* **Exercise goal**: Leave every picture out, and write out the remaining entries exactly.
--- START ---
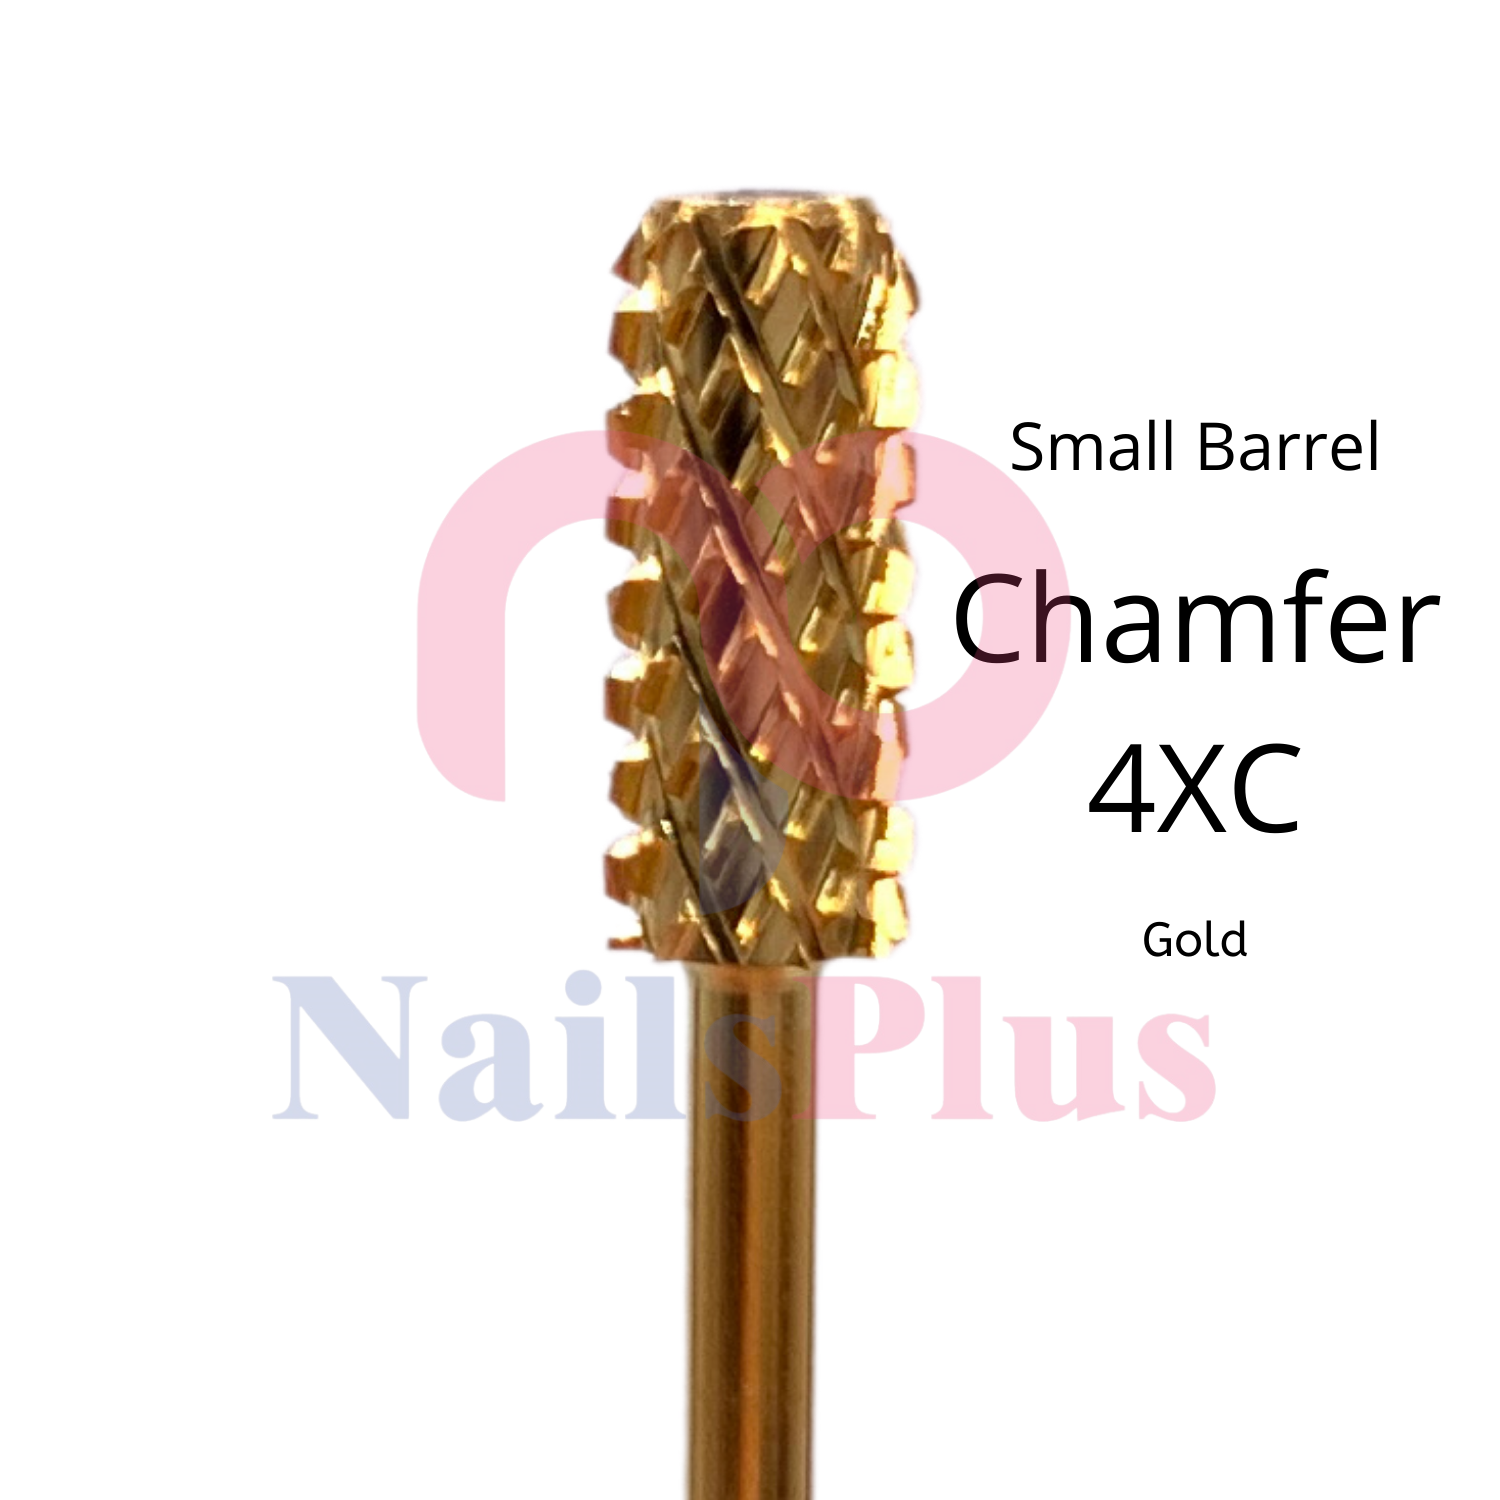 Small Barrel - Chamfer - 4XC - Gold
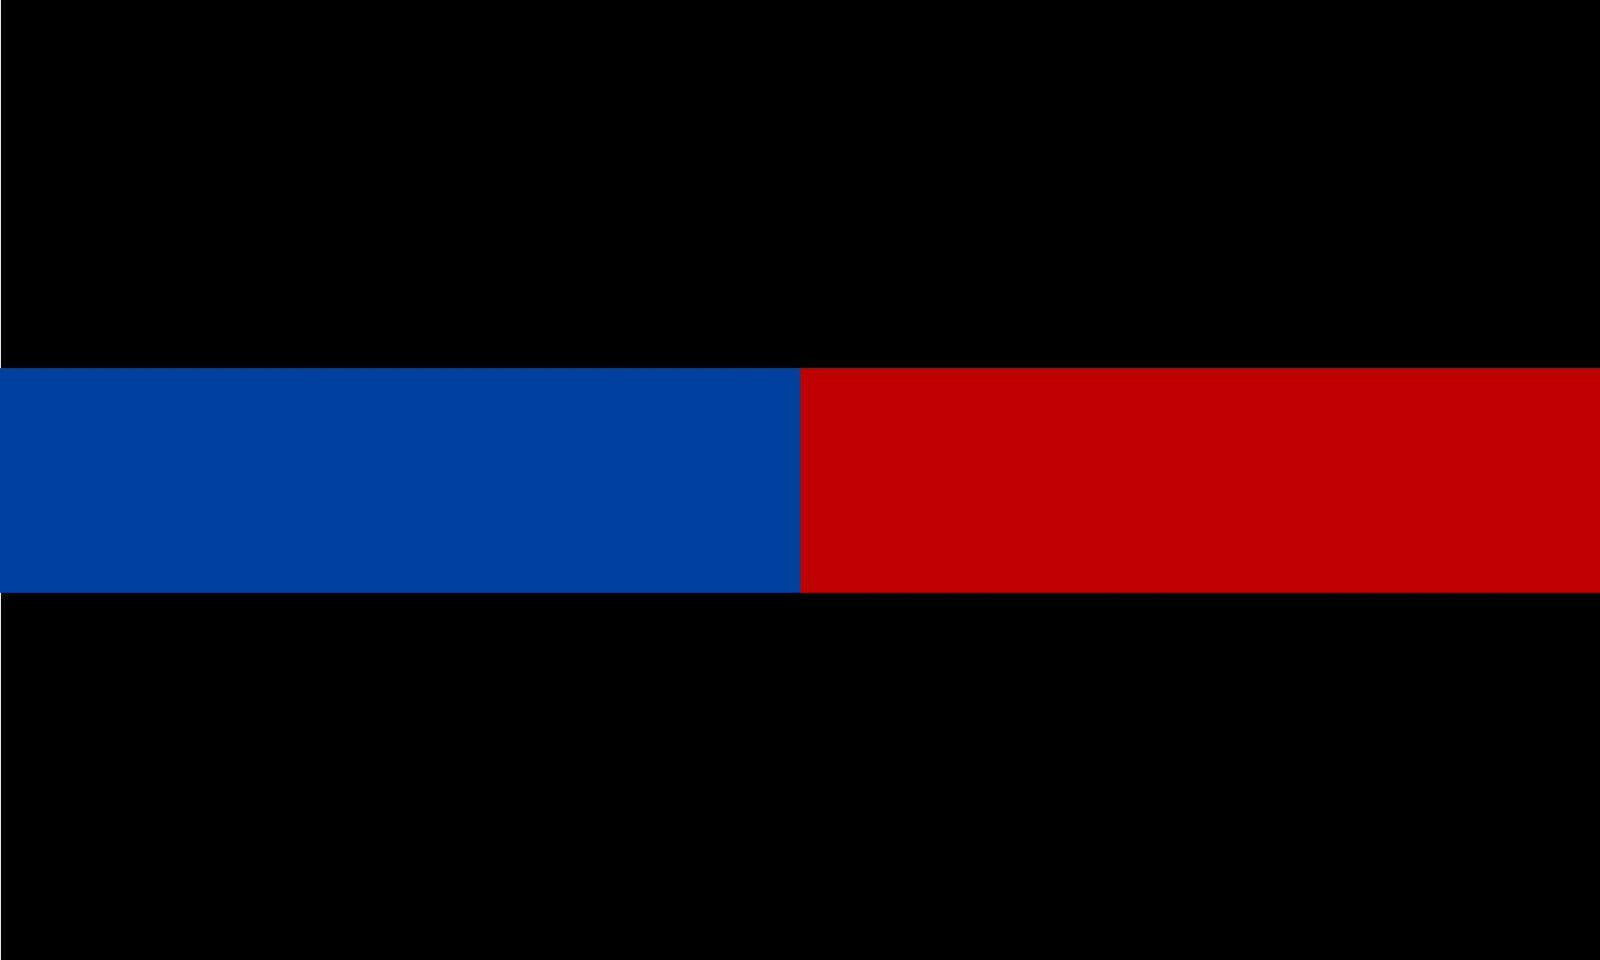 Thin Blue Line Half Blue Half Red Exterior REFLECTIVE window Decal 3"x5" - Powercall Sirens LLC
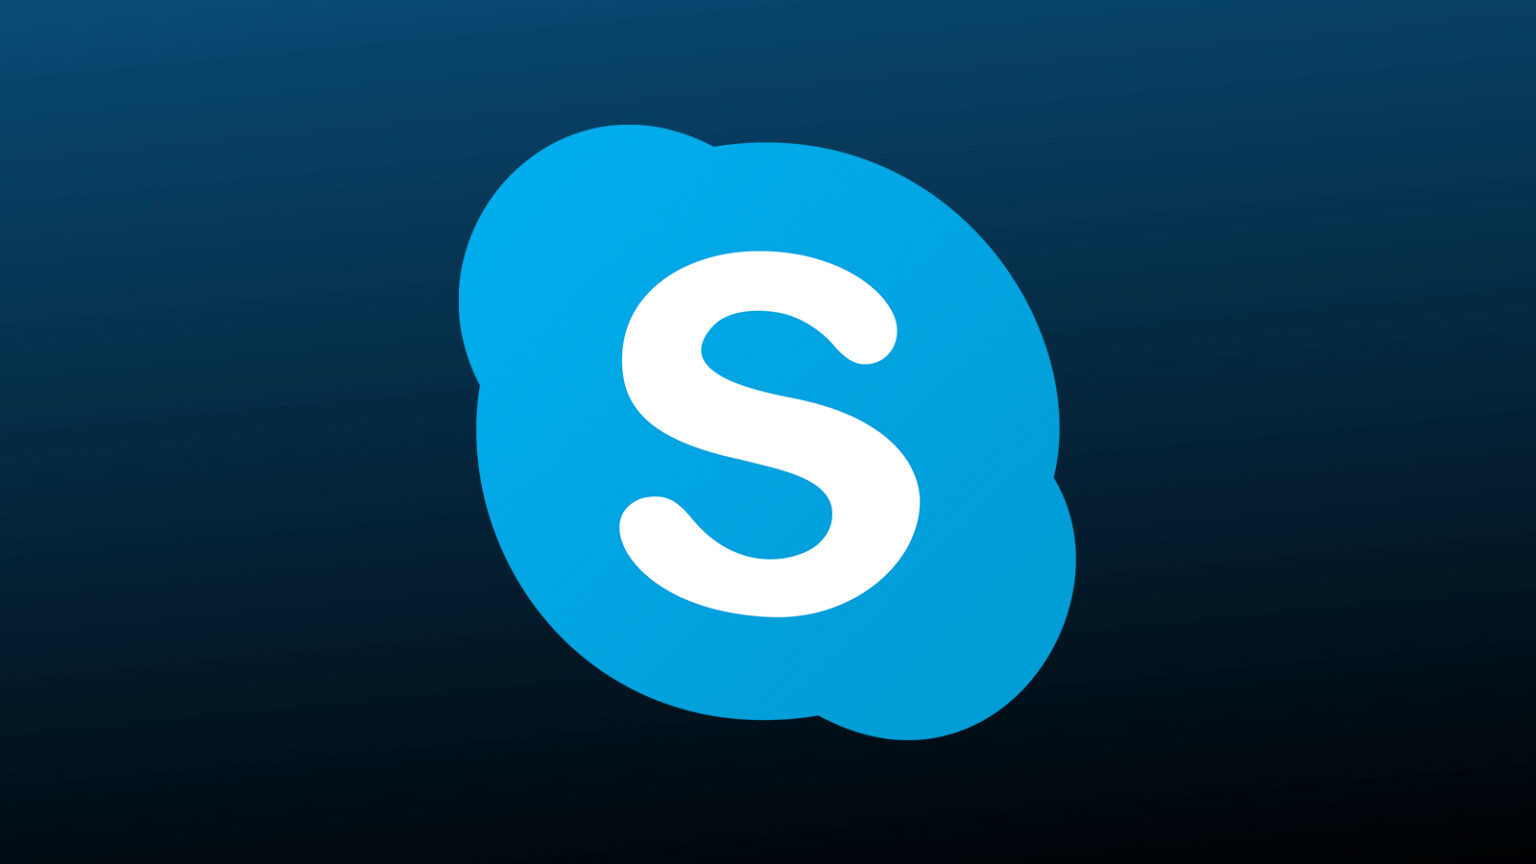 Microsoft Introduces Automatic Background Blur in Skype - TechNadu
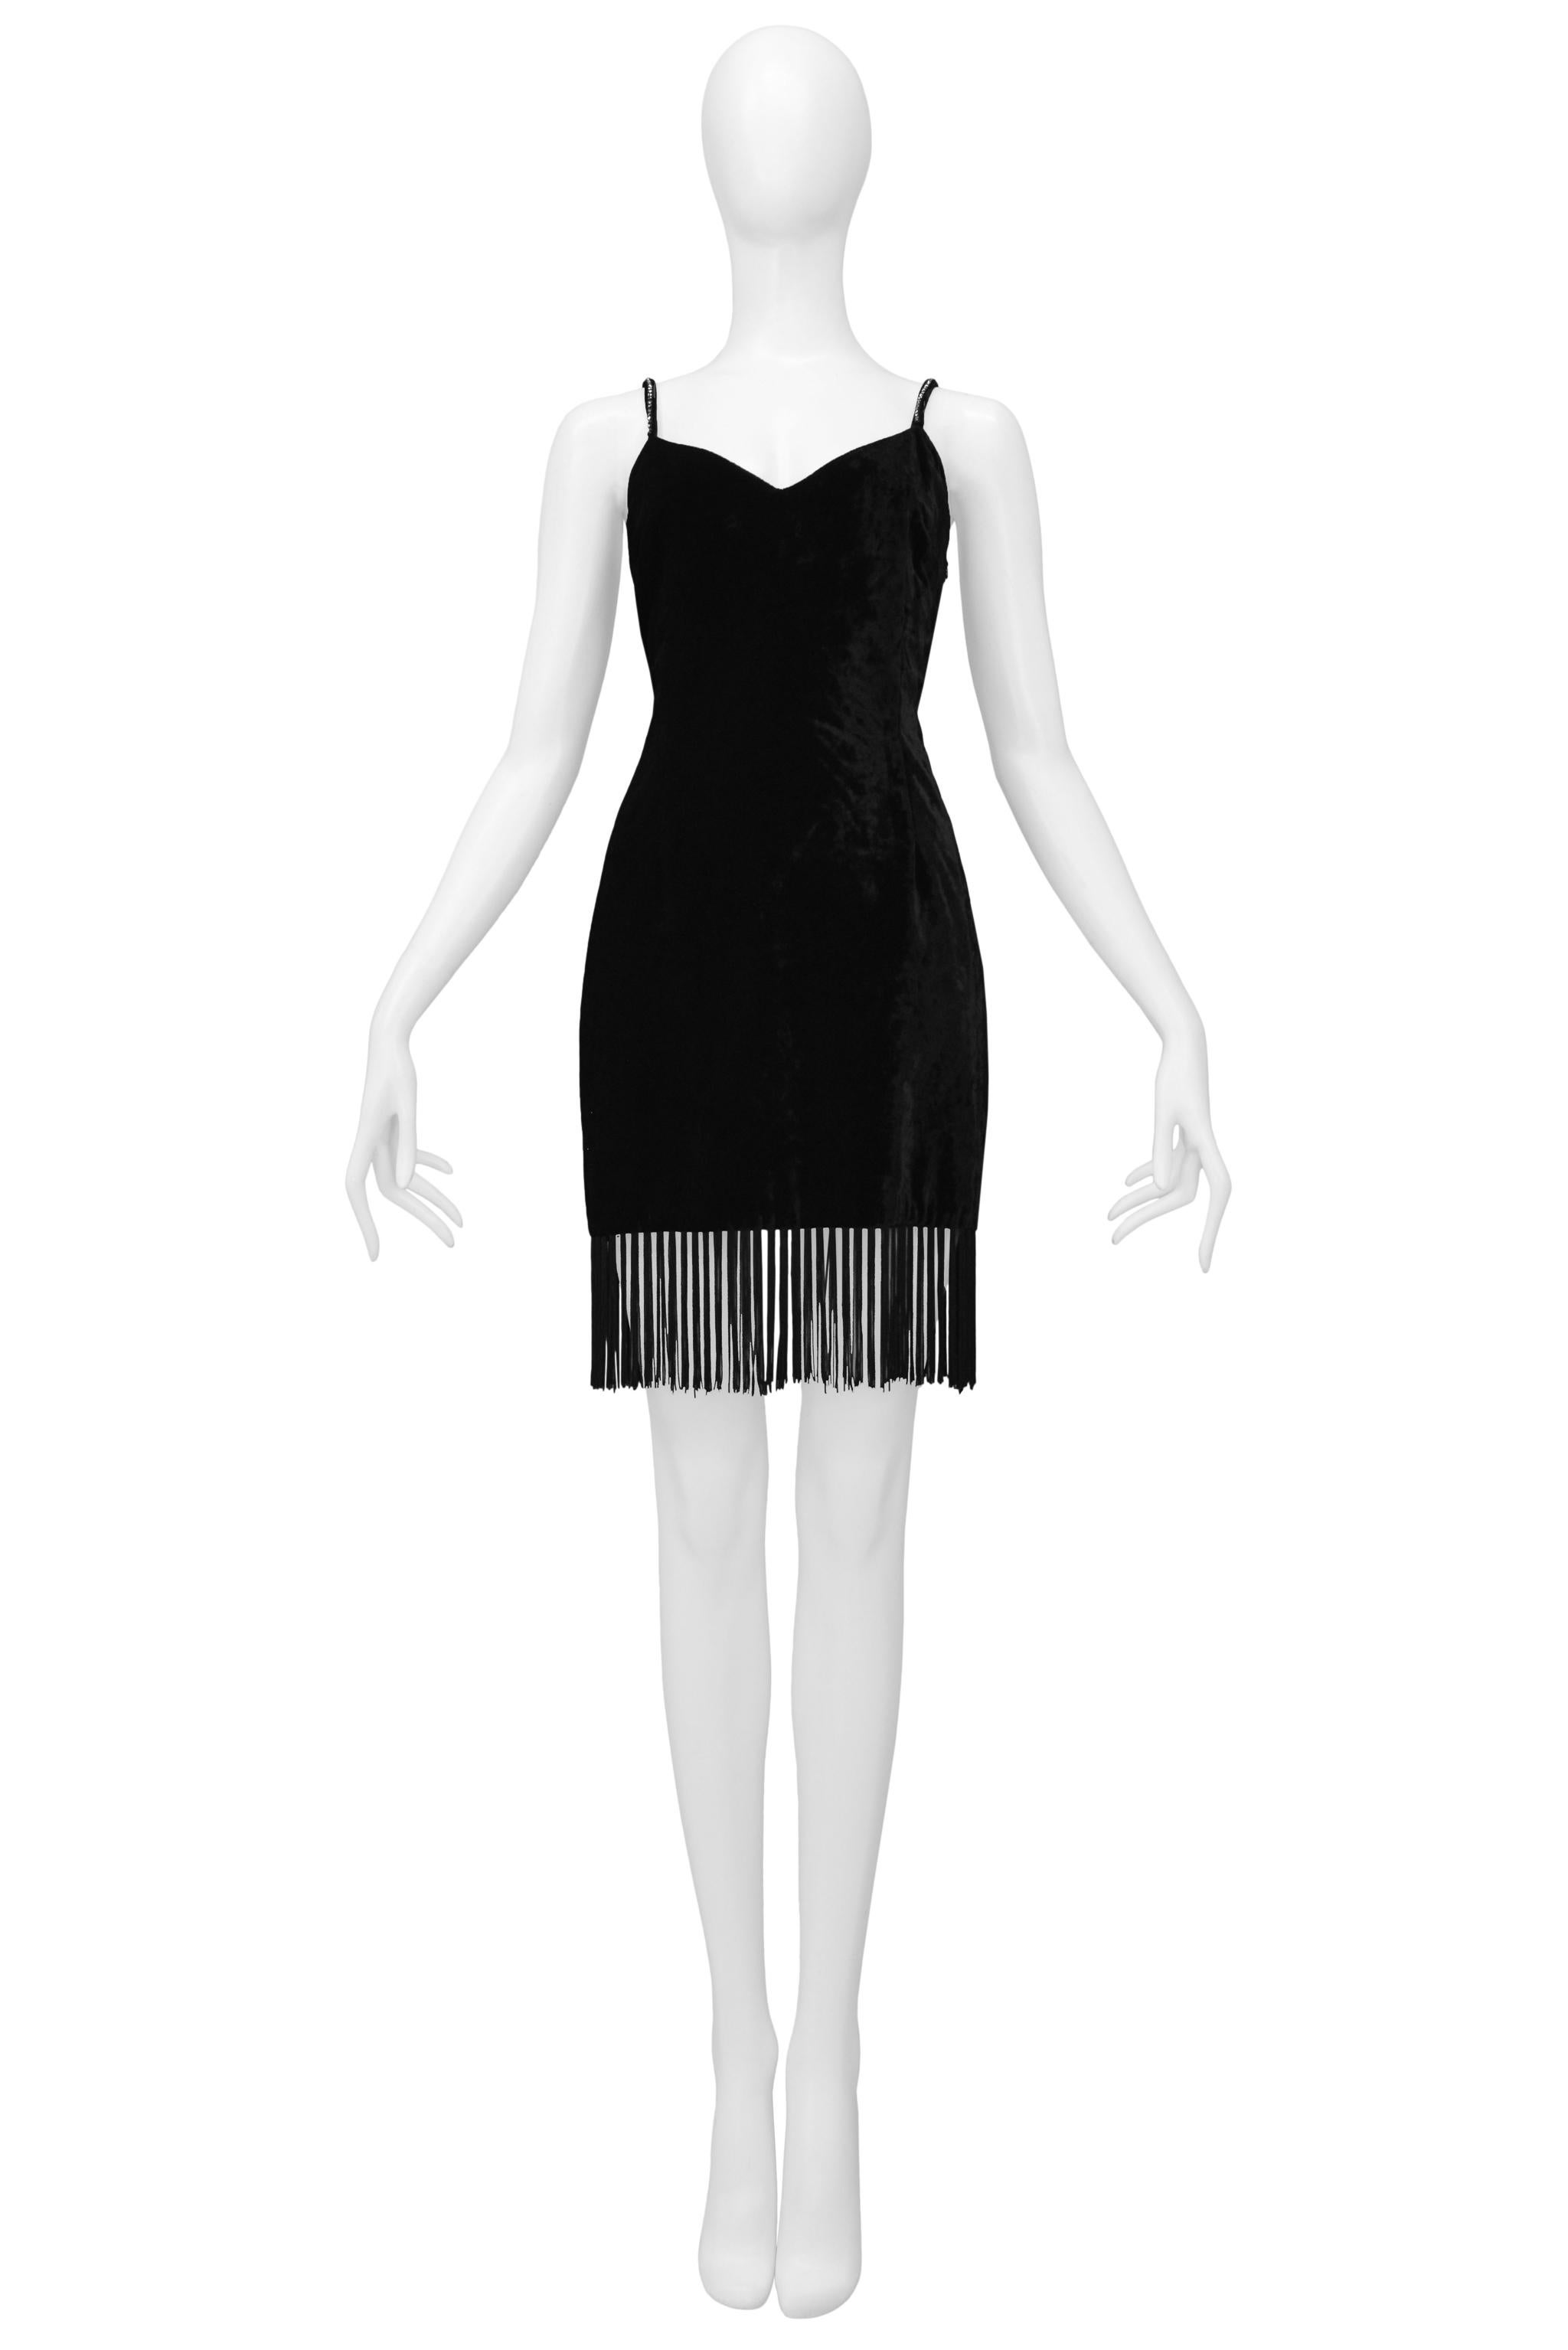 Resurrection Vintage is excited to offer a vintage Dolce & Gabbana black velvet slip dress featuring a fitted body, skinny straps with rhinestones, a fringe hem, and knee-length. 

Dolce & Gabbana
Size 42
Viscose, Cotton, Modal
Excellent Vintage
--- END ---
* **Output**:
 Small Barrel - Chamfer - 4XC - Gold
 Thin Blue Line Half Blue Half Red Exterior REFLECTIVE window Decal 3"x5" - Powercall Sirens LLC
 Microsoft Introduces Automatic Background Blur in Skype - TechNadu
 Resurrection Vintage is excited to offer a vintage Dolce & Gabbana black velvet slip dress featuring a fitted body, skinny straps with rhinestones, a fringe hem, and knee-length. 

Dolce & Gabbana
Size 42
Viscose, Cotton, Modal
Excellent Vintage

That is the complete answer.